──────── DATASET SECTION ────────
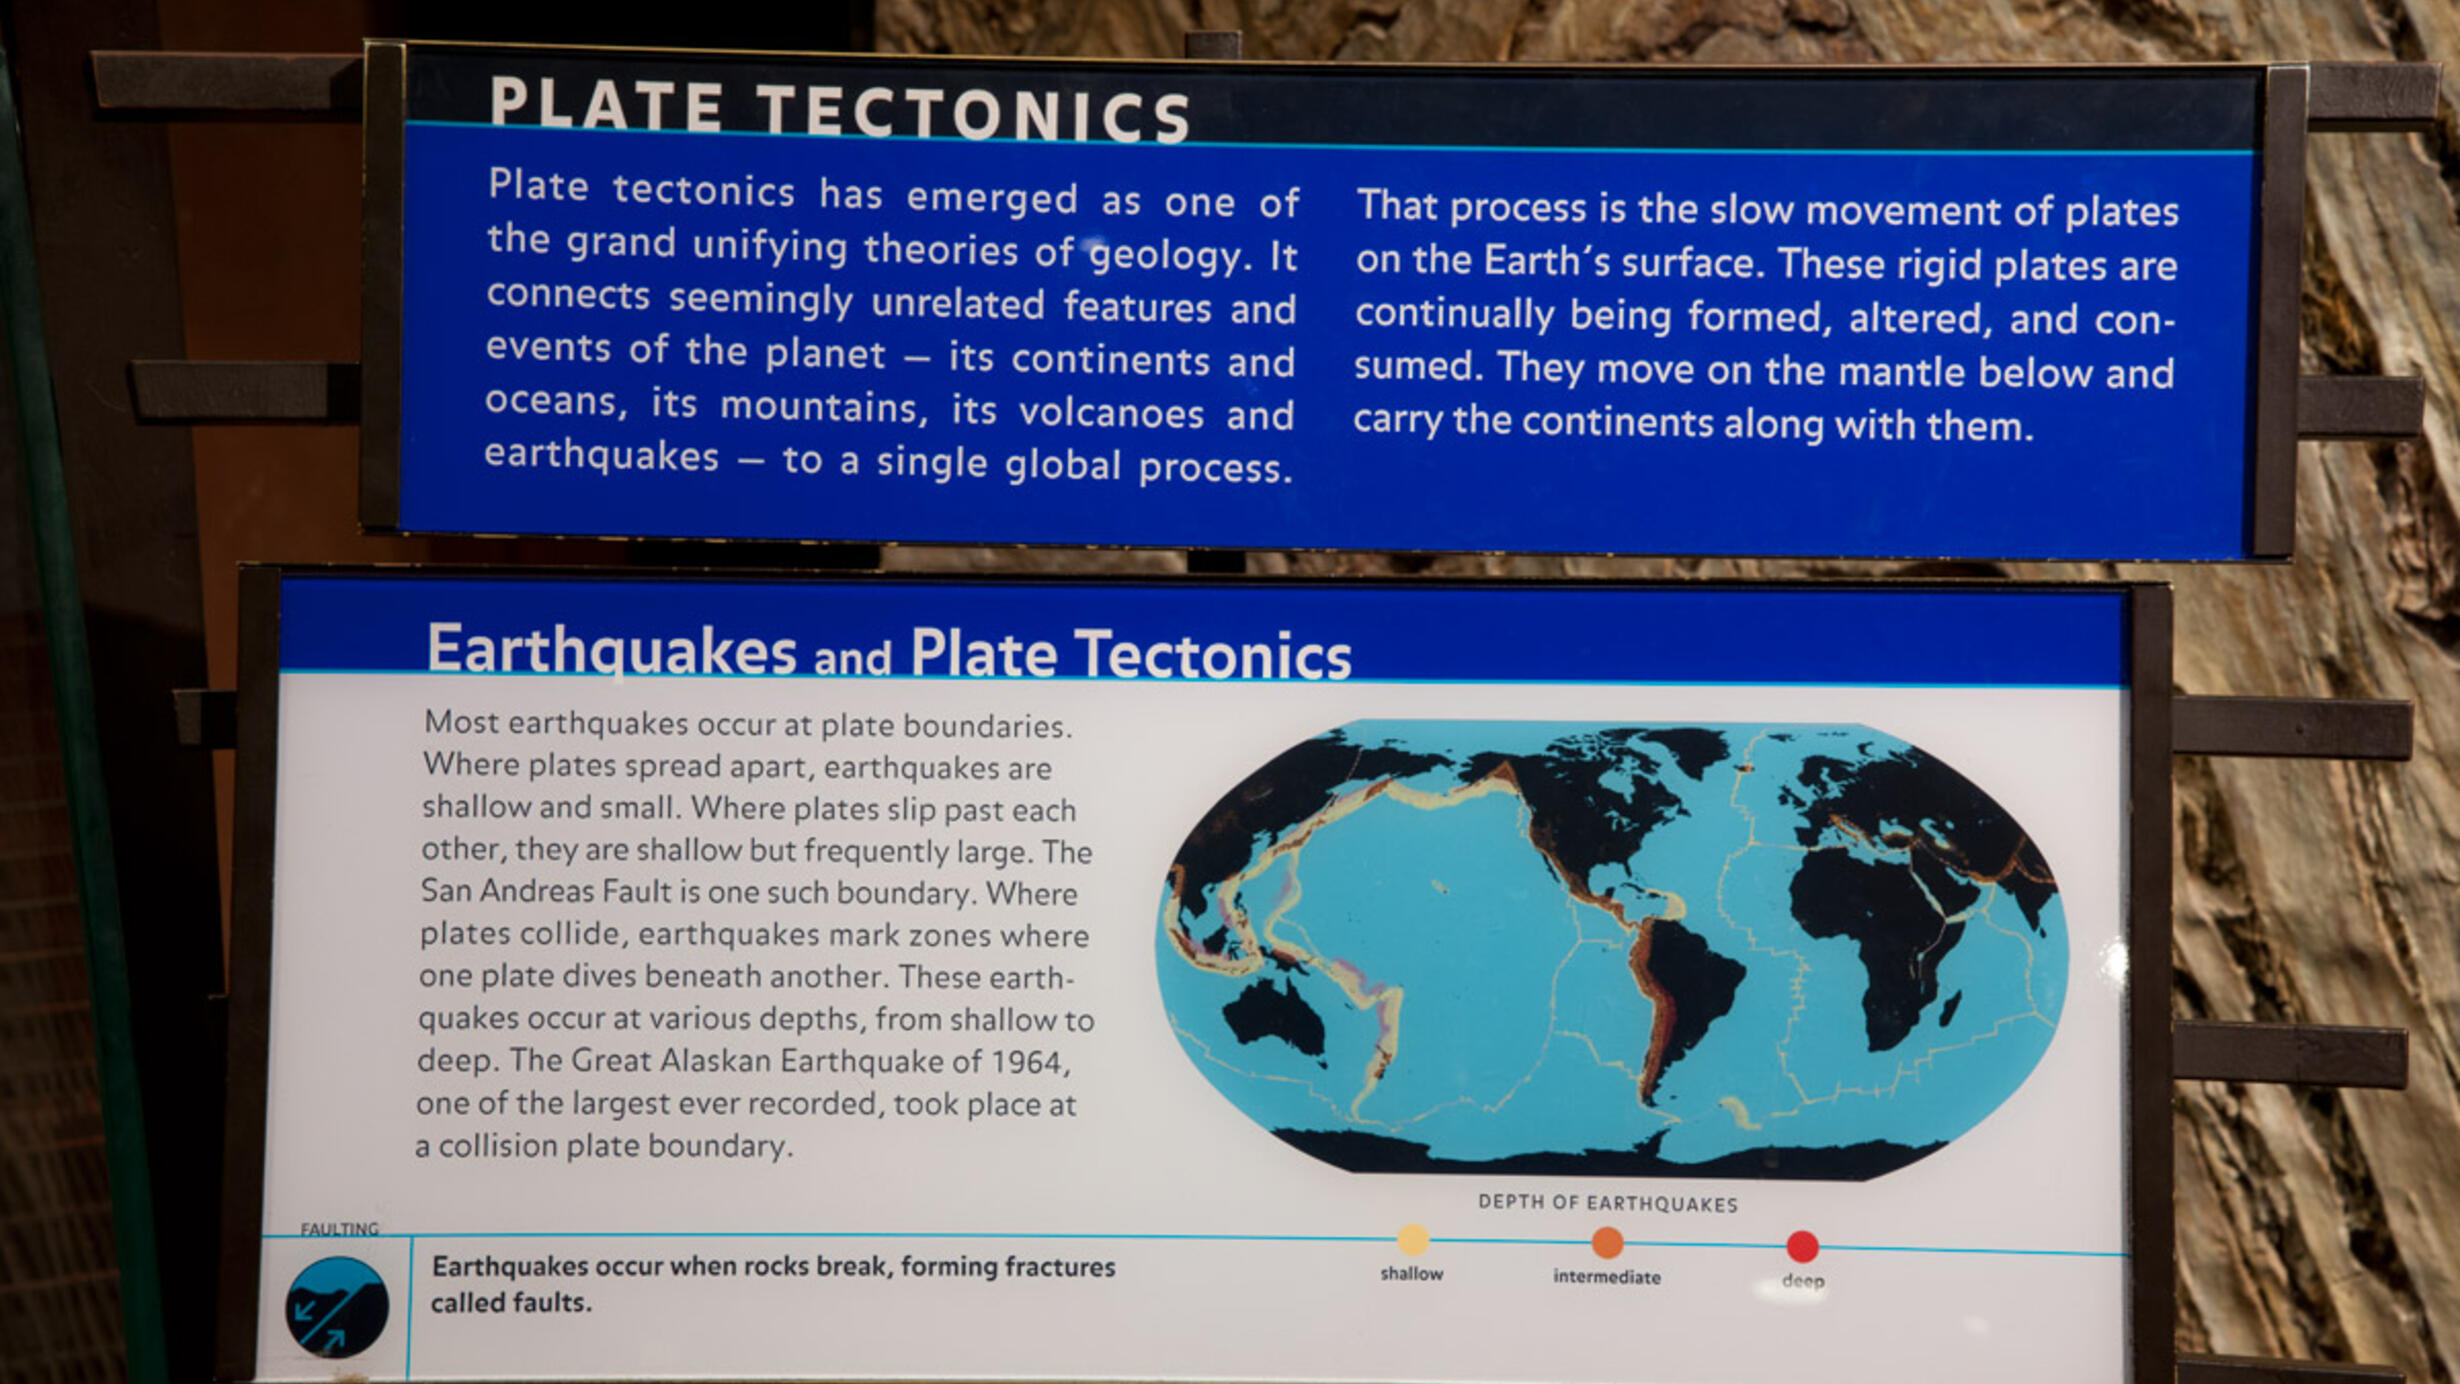 Earthquakes and Plate Tectonics
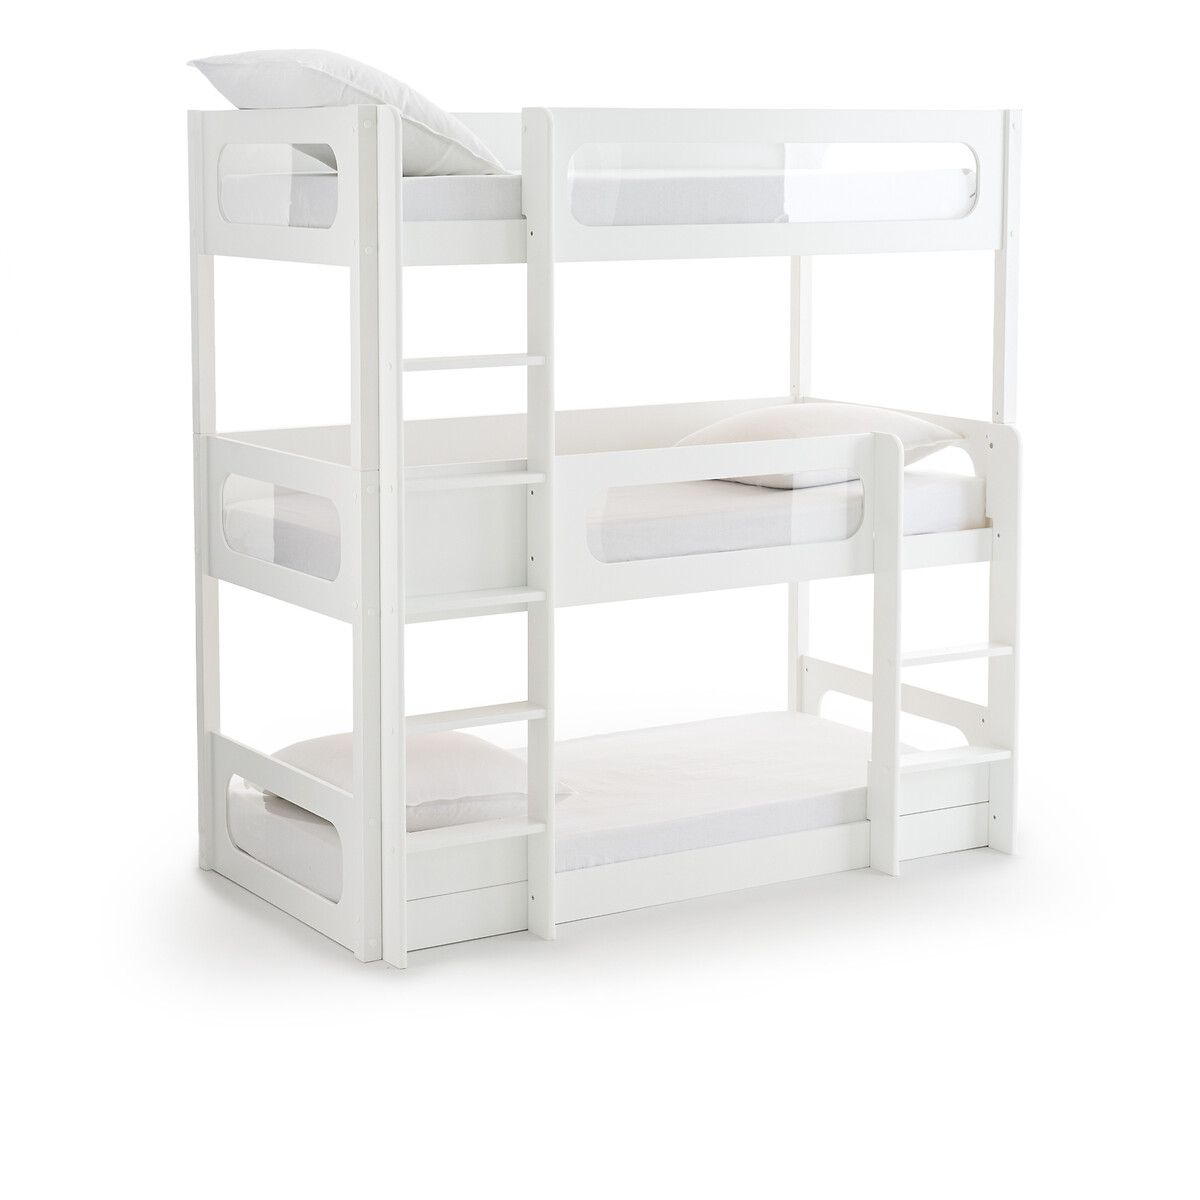 Кровать Трехъярусная с тремя кроватными основаниями Pilha 90 x 190 см белый LaRedoute, размер 90 x 190 см
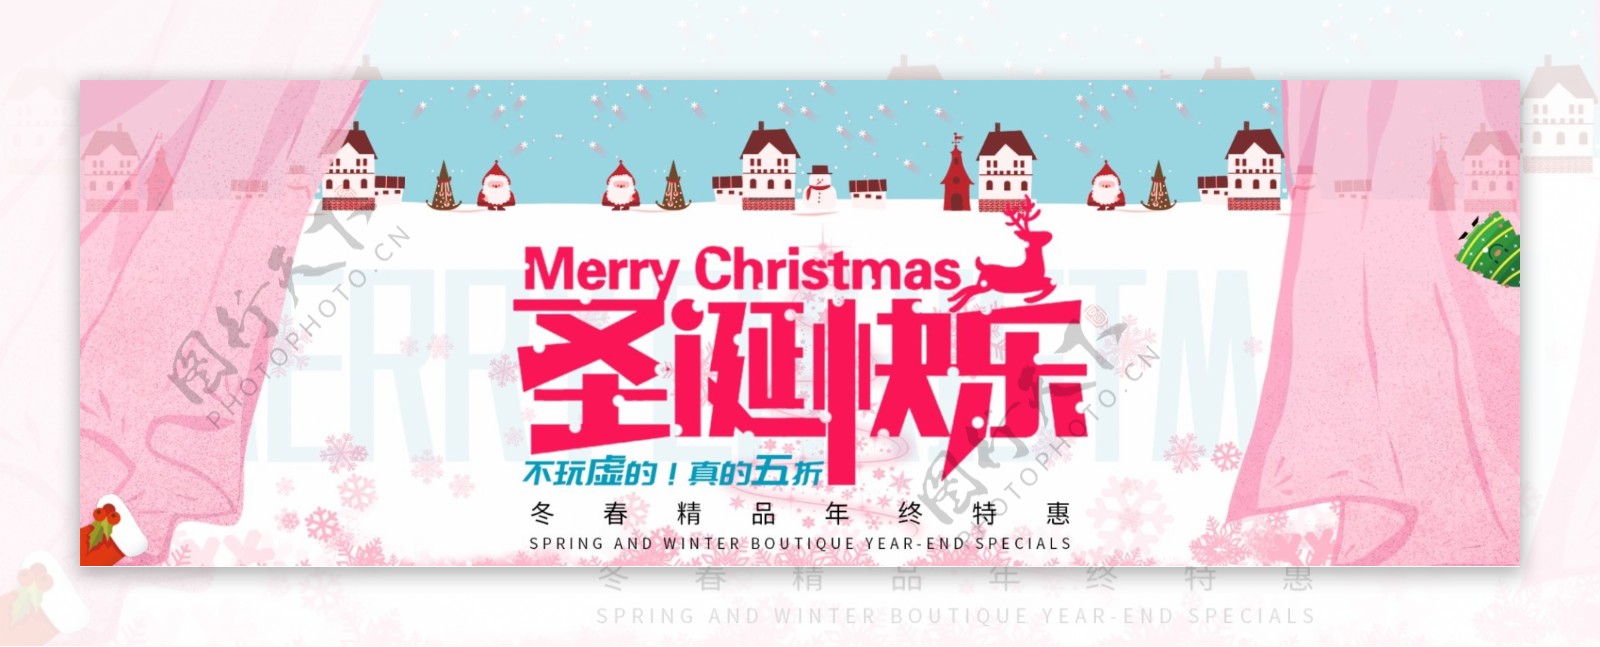 蓝色窗帘小镇圣诞快乐淘宝电商banner
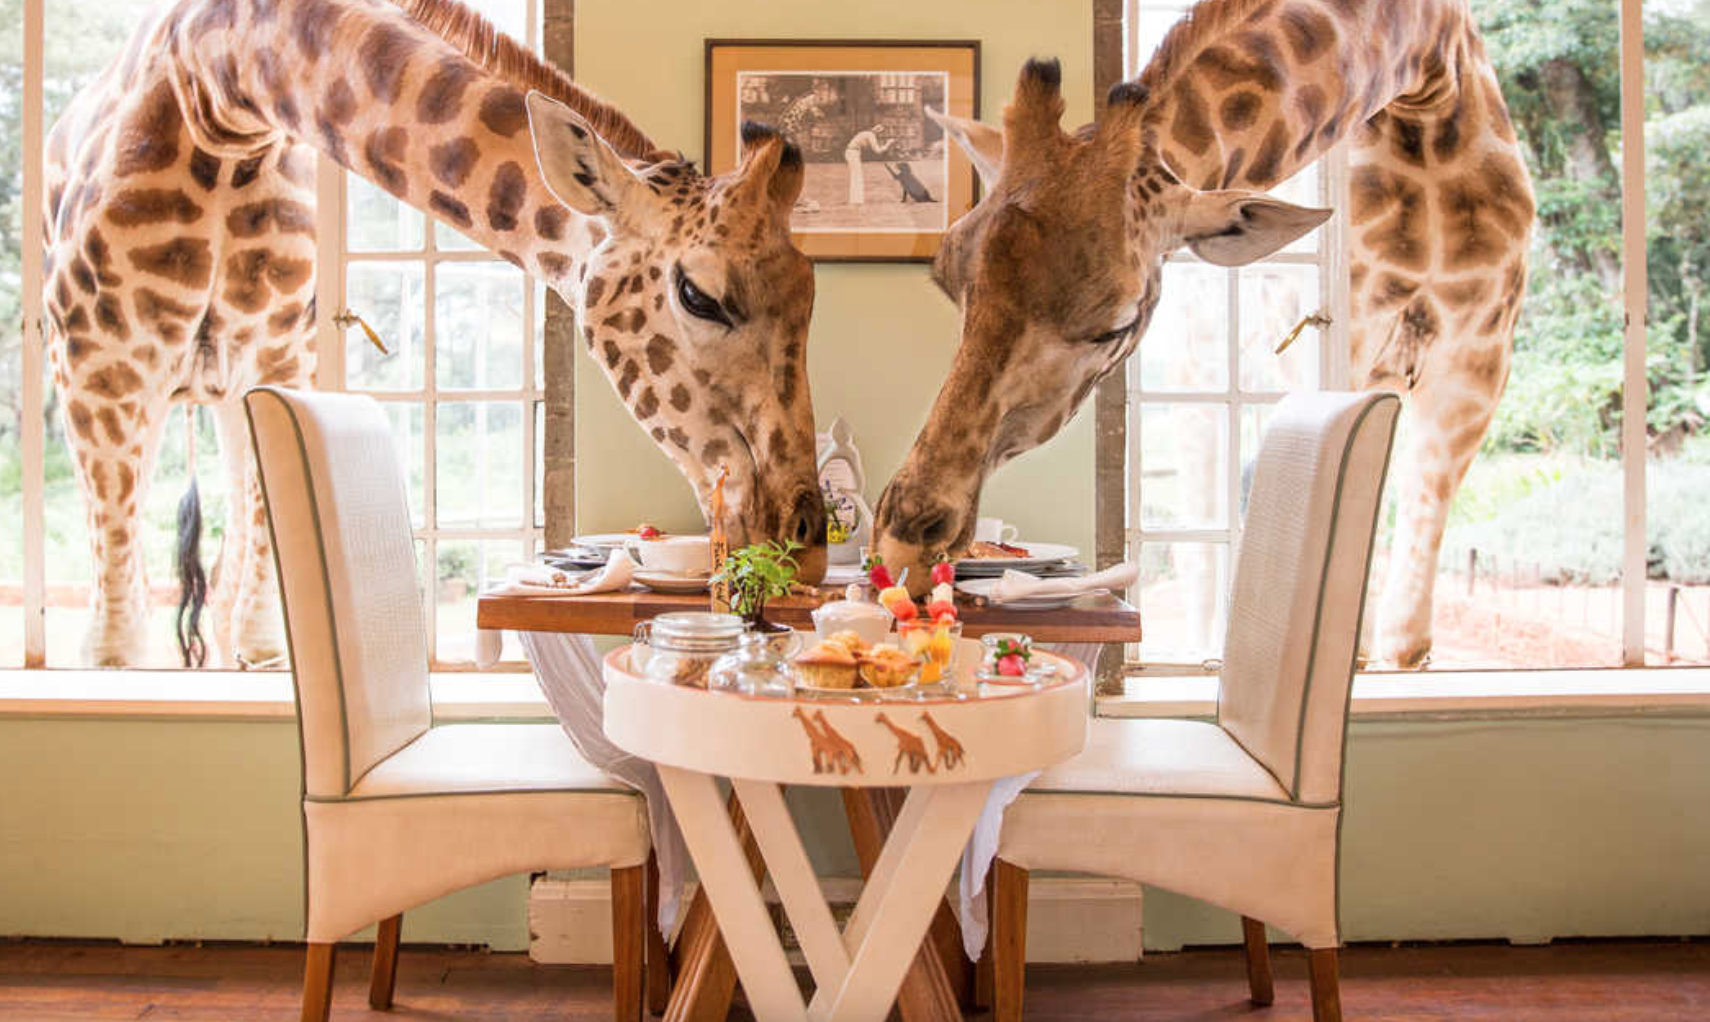 Giraffe Lodge
────────
◆ REQUIREMENT ◆
Every line of the listing should be repeated exactly; no picture should appear.

◆ RESPONSE TO THIS TASK ◆
 Earthquakes and Plate Tectonics
 Кровать Трехъярусная с тремя кроватными основаниями Pilha 90 x 190 см белый LaRedoute, размер 90 x 190 см
 蓝色窗帘小镇圣诞快乐淘宝电商banner
 Giraffe Lodge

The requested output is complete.